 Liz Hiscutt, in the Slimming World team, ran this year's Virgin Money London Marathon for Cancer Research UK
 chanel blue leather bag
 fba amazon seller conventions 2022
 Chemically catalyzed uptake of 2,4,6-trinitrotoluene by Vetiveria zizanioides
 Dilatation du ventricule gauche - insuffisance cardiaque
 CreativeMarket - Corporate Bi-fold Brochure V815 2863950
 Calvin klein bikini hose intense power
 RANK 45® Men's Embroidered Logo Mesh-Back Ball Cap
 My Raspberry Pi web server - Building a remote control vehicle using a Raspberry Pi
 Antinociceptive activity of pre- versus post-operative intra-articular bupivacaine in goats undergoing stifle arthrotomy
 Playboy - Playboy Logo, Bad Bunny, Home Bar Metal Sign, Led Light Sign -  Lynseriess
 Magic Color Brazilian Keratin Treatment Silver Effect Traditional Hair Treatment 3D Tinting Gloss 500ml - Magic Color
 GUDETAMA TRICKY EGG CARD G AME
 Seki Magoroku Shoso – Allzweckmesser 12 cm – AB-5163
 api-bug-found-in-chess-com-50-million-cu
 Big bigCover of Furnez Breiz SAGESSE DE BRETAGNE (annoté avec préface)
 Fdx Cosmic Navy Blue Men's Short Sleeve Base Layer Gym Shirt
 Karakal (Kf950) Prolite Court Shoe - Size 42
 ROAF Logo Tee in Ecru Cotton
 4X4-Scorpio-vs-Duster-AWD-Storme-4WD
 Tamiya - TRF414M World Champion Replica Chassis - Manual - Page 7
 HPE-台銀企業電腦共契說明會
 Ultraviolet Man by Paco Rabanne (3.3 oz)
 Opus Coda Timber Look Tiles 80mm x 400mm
----------
◆ PROMPT
Take the material above and set it down again exactly.

◆ EXERCISE SOLUTION
 Liz Hiscutt, in the Slimming World team, ran this year's Virgin Money London Marathon for Cancer Research UK
 chanel blue leather bag
 fba amazon seller conventions 2022
 Chemically catalyzed uptake of 2,4,6-trinitrotoluene by Vetiveria zizanioides
 Dilatation du ventricule gauche - insuffisance cardiaque
 CreativeMarket - Corporate Bi-fold Brochure V815 2863950
 Calvin klein bikini hose intense power
 RANK 45® Men's Embroidered Logo Mesh-Back Ball Cap
 My Raspberry Pi web server - Building a remote control vehicle using a Raspberry Pi
 Antinociceptive activity of pre- versus post-operative intra-articular bupivacaine in goats undergoing stifle arthrotomy
 Playboy - Playboy Logo, Bad Bunny, Home Bar Metal Sign, Led Light Sign -  Lynseriess
 Magic Color Brazilian Keratin Treatment Silver Effect Traditional Hair Treatment 3D Tinting Gloss 500ml - Magic Color
 GUDETAMA TRICKY EGG CARD G AME
 Seki Magoroku Shoso – Allzweckmesser 12 cm – AB-5163
 api-bug-found-in-chess-com-50-million-cu
 Big bigCover of Furnez Breiz SAGESSE DE BRETAGNE (annoté avec préface)
 Fdx Cosmic Navy Blue Men's Short Sleeve Base Layer Gym Shirt
 Karakal (Kf950) Prolite Court Shoe - Size 42
 ROAF Logo Tee in Ecru Cotton
 4X4-Scorpio-vs-Duster-AWD-Storme-4WD
 Tamiya - TRF414M World Champion Replica Chassis - Manual - Page 7
 HPE-台銀企業電腦共契說明會
 Ultraviolet Man by Paco Rabanne (3.3 oz)
 Opus Coda Timber Look Tiles 80mm x 400mm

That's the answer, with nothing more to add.